Ultimately, blockchain farming and distributed ledger technology (DLT) have the potential to increase efficiency, transparency, and trust throughout agricultural supply chains. Blockchain for agriculture supply chain can empower all market players by building relationships of trust.

The blockchain for supply chain can transform the agricultural industry by:

  • simplifying all stages of the agricultural supply chain
  • tracking a product along its entire path from farmland to store shelf
  • improving food safety and eliminating counterfeit items
  • reducing financial risks and promoting inclusive trade
  • providing farmers and businesses with access to agricultural financial services
  • generating smarter market data for better decision-making with data science in agriculture
  • legally proving certifications to relevant authorities

What are the benefits of blockchain in agriculture supply chain?
How to Apply Blockchain Technology in the Agriculture Supply Chain?

Challenges of implementing blockchain technology in agriculture and steps to overcome them

Supply chain management in agriculture is more complex than other supply chains, as agricultural production depends on factors like weather, pests, and diseases that are hard to predict and control. The lack of traceability in the agricultural supply chain leads to slower financial transactions and often intensive manual work. In addition, counterfeits may appear at each stage of the supply chain and bring dangerous consequences to all business stakeholders, governments, and consumers.

Negative impact of counterfeits in agriculture
How to Apply Blockchain Technology in the Agriculture Supply Chain?
Source: Counterfeiting in African Agriculture Inputs – Challenges & Solutions

Supply chain blockchain services and initiatives can mitigate the risk of counterfeits and increase the efficiency of blockchain-based agriculture by providing transparency and eliminating intermediate links in the agricultural value chain. In addition, by reducing uncertainty and enabling trust among market players, distributed ledgers and smart contracts provide a real opportunity for more inclusive market participation among smallholders and micro, small, and medium enterprises (MSMEs).

The basic challenge of agricultural supply chains lies in the transportation of products. While transaction data can be traced by the cryptographic fingerprint attached to each transaction, the movement of a physical product along a supply chain from farm to consumer requires a much more immutable product–process link. Several well-known technologies exist to establish this link.
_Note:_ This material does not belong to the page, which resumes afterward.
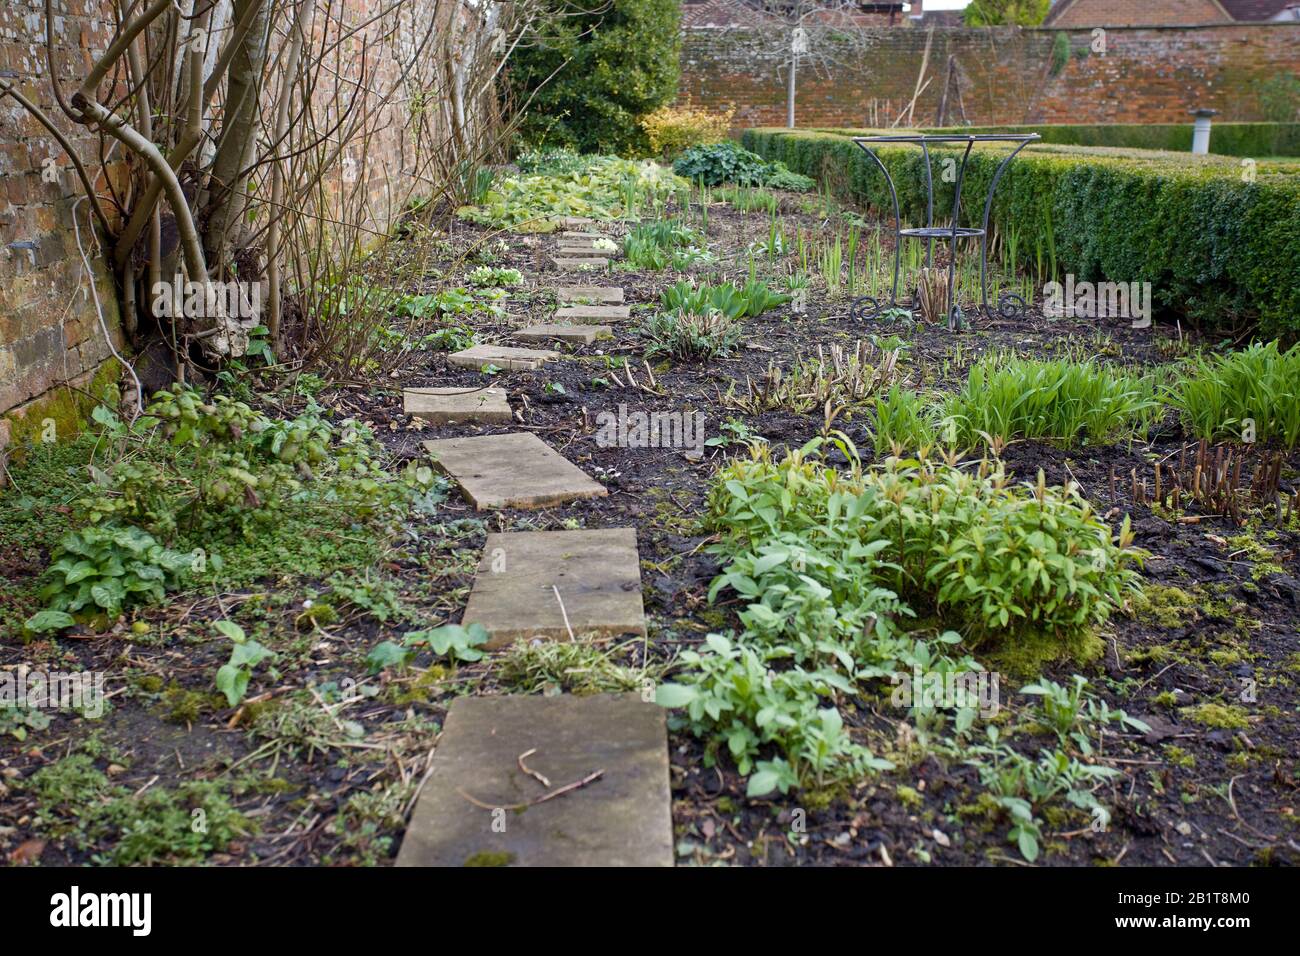 Variety of new bulbs and perennials growing in deep bed in garden Stock Photo

Technologies to trace physical products along the agricultural supply chain:

  • QR codes on the product’s packaging (QR codes in agriculture are already used but still require regulators to monitor authenticity from a seed to a ready product.)
  • Advanced radio frequency identification (RFID) chips, RFID supply chains, and RFID applications in agriculture
  • NFC agriculture technology for contactless reading of product data
  • Crypto-anchor technology for agriculture (IBM recently developed cryptographic anchors to ensure product authenticity for DLT. This technology is promising but still at the early stages of development.)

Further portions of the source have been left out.